From the university, the culture of Cluster B spreads outward. Taken together, these pathologies have potent powers of transmission. Like a virus leaking from a lab, they have broken containment and are spreading throughout society. The public school, the hospital, and the state bureaucracy—all have succumbed. The messaging of major corporations looks more and more like the celebration of Cluster B-style disorder, whether it’s attempting to normalize gender dysphoria or rewriting the standards of health and beauty so that the grotesque becomes the new ideal.

Social media accelerates these trends. Sites such as TikTok have become a petri dish for incubating mental illness, especially in teenage girls, who mimic the Cluster B behaviors they see online and register skyrocketing rates of anxiety and depression.

The sudden explosion of transgenderism follows the same line of development. Transgender individuals are 30 times more likely to suffer from Cluster B personality disorders compared with the baseline population. And, according to an older study, more than 50 percent of mothers with gender-dysphoric boys suffer from borderline personality disorder themselves—a remarkable transmission rate of psychopathology.

Much of the recent left-wing violence, too, has taken on the cast of Cluster B disorders. The 2020 George Floyd riots were distinctive in part for their psychological tone: wild emotional displays, narcissistic identity rituals, victimology manifested in the streets. Individuals with antisocial personalities seemed to flourish during that dreadful season of rioting, wielding left-wing ideology to justify their violence and terror. As psychologists have long known, a clear link exists between violent, narcissistic personalities and attraction to left-wing authoritarianism. The former serves as the desire, the latter as the rationalization.

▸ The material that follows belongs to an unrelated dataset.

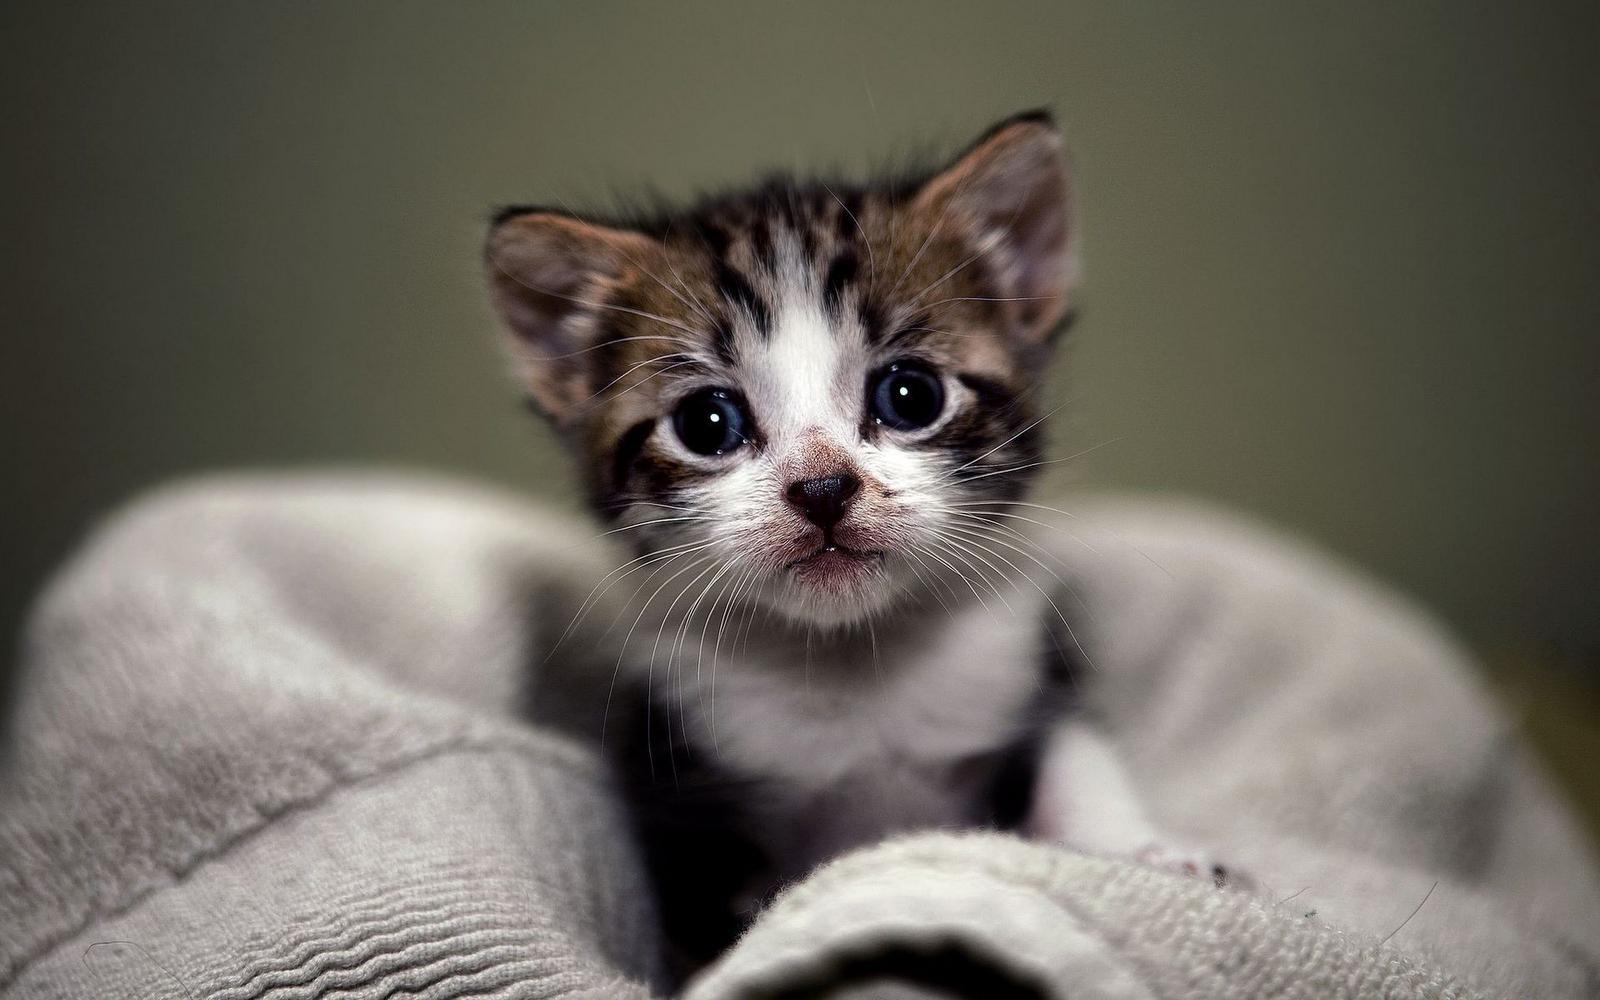 Cute kitten wallpapers the cutest kittens 1600x1000 altavistaventures Images

The mugshots of Antifa foot soldiers that drifted through social media feeds during the George Floyd riots drive home this point. Face tattoos, deranged expressions, unkempt hair: these are not mentally well people. They are, in fact, the hideous face of antisocial violence—the enforcement arm of the modern Left, the political vanguard of our Cluster B society. And they will not stop until they’ve transformed the world in their image.

Some right-wing critics have taken to calling this strange new state of affairs “the Longhouse,” a matriarchal form of society that privileges the values of care, concern, and feminine social strategies. In an essay for First Things, the pseudonymous writer Lomez explains that women now outnumber men in professional-managerial roles and vastly outnumber them in human resources and compliance, which exert outsize influence on professional and cultural norms.

The Left has touted the Longhouse for years. In her presidential campaign, Hillary Clinton confidently declared that “the future is female.” And in a much-discussed 2010 essay for The Atlantic, Hanna Rosin christened this change “The End of Men.”

But while some celebrate this shift, our “female future” has a darker side. Contrary to the messages one gets from elites, biological sex differences are real, and a societal imbalance between the two has negative effects for everyone. Taken too far, overly feminized leadership produces exactly the kind of Cluster B society we observe today: one in which identity is rewarded over merit, victimhood is prized over competence, and antisocial behavior goes unchecked. Moral narcissism becomes the coin of the realm, and political conflicts are settled through blackmail and manipulation.

If we are to find a way out, we must understand the peculiar logic and rationality of the Cluster B society. We must learn how to counter emotional falsification and how to say “no” with a renewed voice of authority. We must find a way to restore balance, order, discipline, sanity. If we do not, we will resign ourselves to a world gone mad. The spontaneous life and beauty that are the fruits of a more balanced society will be snuffed out by grim commissars administering a Cluster B pathocracy. Our self-governing regime would be over.